## WORK REQUEST
Leave the pictures in the listing below aside and reproduce exactly the lines starting with the one with "TK Lighting TK-2722 Napoli mennyezeti lámpa" and going on through the one with "Carcharodontosauridae by SameerPrehistorica", both ends included.

## SOURCE MATERIAL
::::::

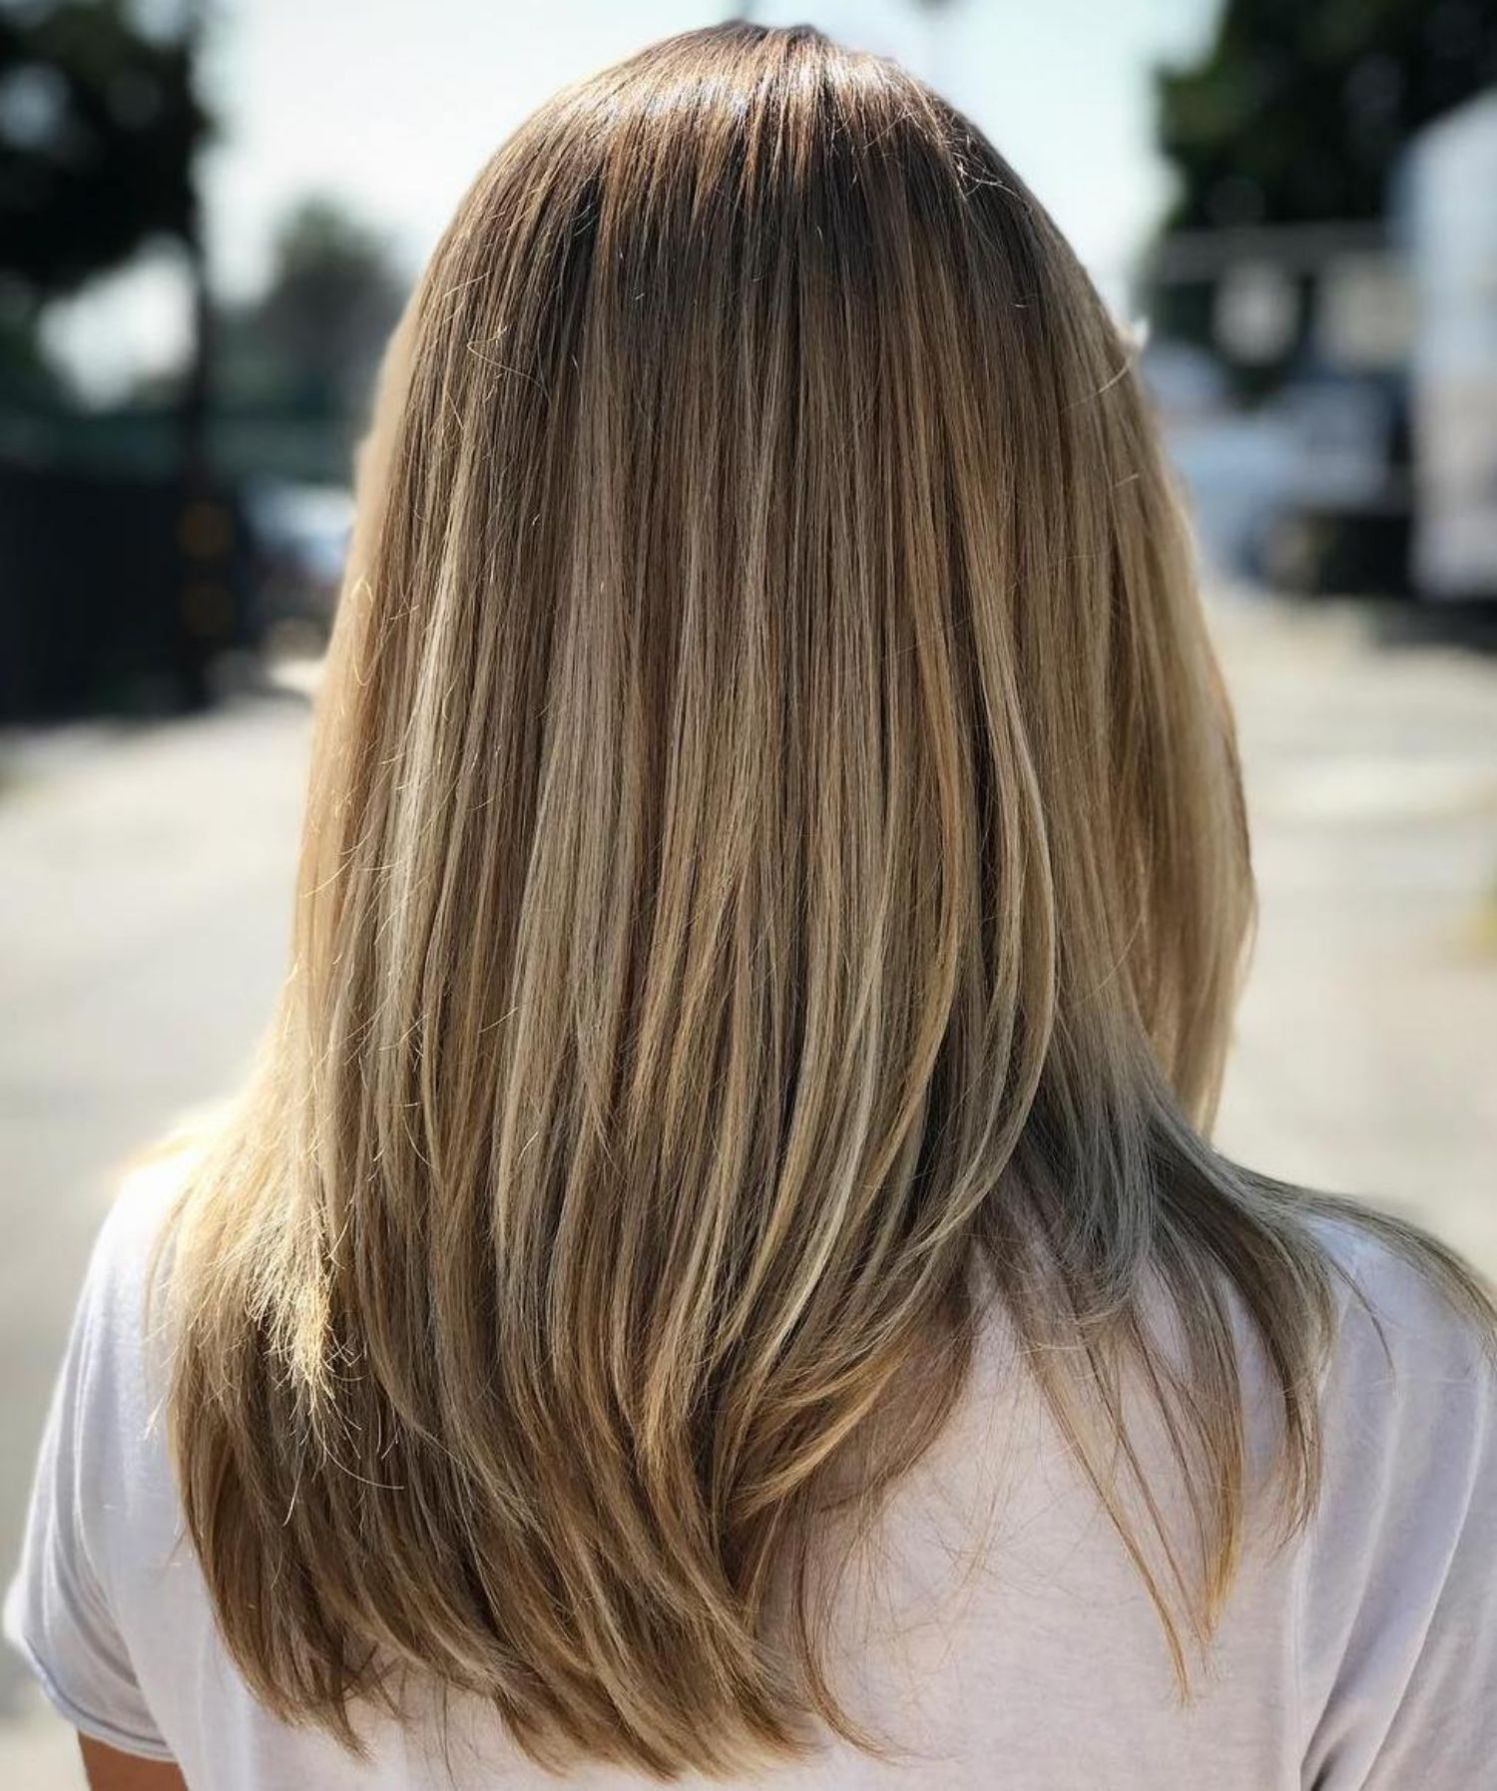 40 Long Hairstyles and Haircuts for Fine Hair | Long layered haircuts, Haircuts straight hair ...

::::::

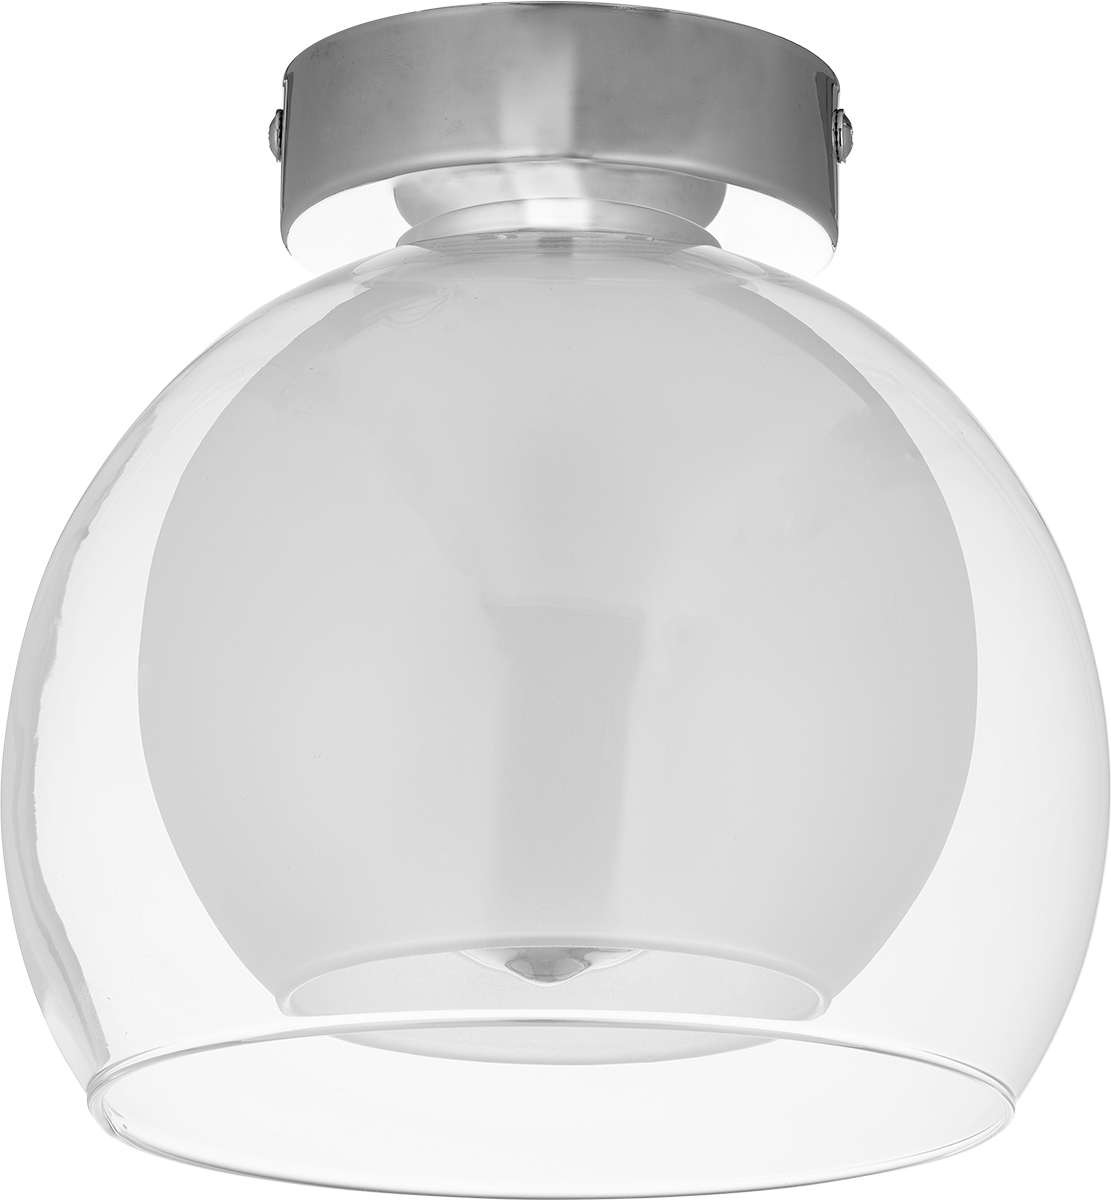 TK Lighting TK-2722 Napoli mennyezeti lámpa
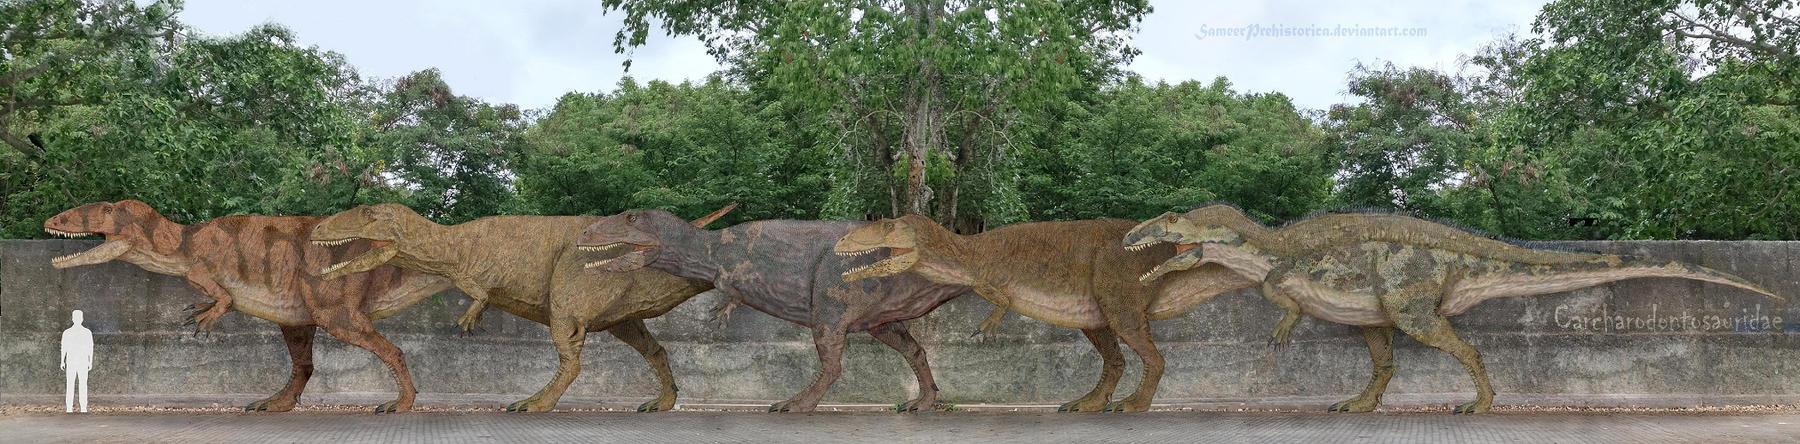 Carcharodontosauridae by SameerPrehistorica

::::::

## FINAL ANSWER
 TK Lighting TK-2722 Napoli mennyezeti lámpa
 Carcharodontosauridae by SameerPrehistorica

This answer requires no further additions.